Wednesday, February 21, 2007

re-introduction

I have just re-acquired the internet in my home after a long dearth, in the form of dsl. The flow of bits is now constant, according the flashing green light on my little electric box, mailed to me via the ubiquitous network of brown vans, sporting the fashionable "UPS" symbol.
If I could get one of their jackets... I'd be the talk of the scene.

Scenes.

I had a conversation tonight, during which someone told me that they'd had to leave the scene for awhile, as a reaction to a bad experience within the scene.
I asked, "What is a scene?"
I was told that it was the poetry scene.
"Ok, " I said, "I've never really been in the poetry scene here. Just in and out a lot."

This is in Chicago. Scenes seem really foreign to me now, but it didn't used to be that way. When I lived in Utah, the first scene that I became a part of, outside of the horrid high school scene that I had fought for survival in, was the rave scene. I was definitely a scenester, then. I knew who everyone was, and I knew what was going on. I got satisfaction from that, and felt badly when major events took place that I wasn't aware of.
Later on, I became a part of the poetry scene. I was getting to know circles of people in that crowd, and I wanted to know when and where the events were. Satisfaction.

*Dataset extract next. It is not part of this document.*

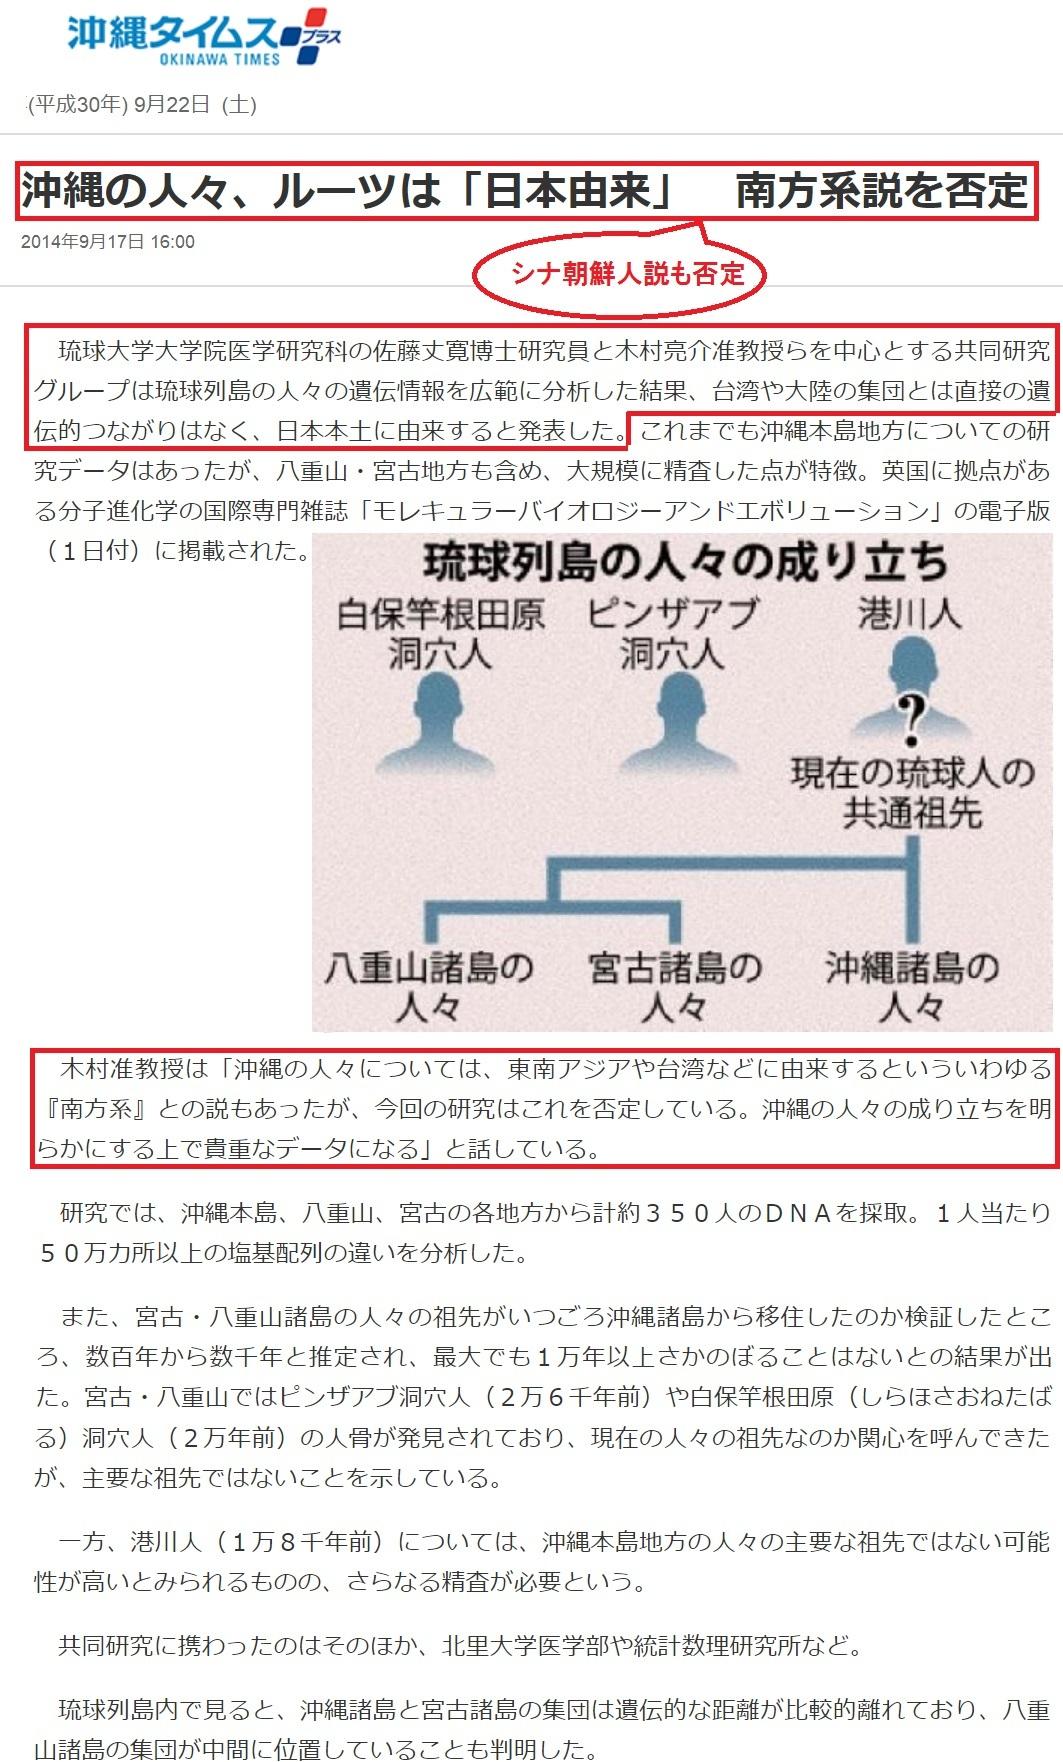 沖縄県民のルーツは日本 大陸人説や南方系説を否定

The person I was talking to went on to say that s/he was back now, and feeling alright about things. A quick bearing of hir immediate sense of wellness.
How much is my own ability to feel good about going out and socializing a measure of my own mental health?
Like everything, I feel that it's the middle ground that is the nice place to walk. Go out, talk to people, communicate as a happy human, and then go back to aloneness, and find some satisfaction in that solitude.
The solitude allows me to write this. The happy human gave me something to talk about.
We're all happy humans, sloshing about in my belly. With some beer. And tea. And a squishy little rice cake with a dot of sweet, red bean paste in the center.
Welcome back to my home, internet.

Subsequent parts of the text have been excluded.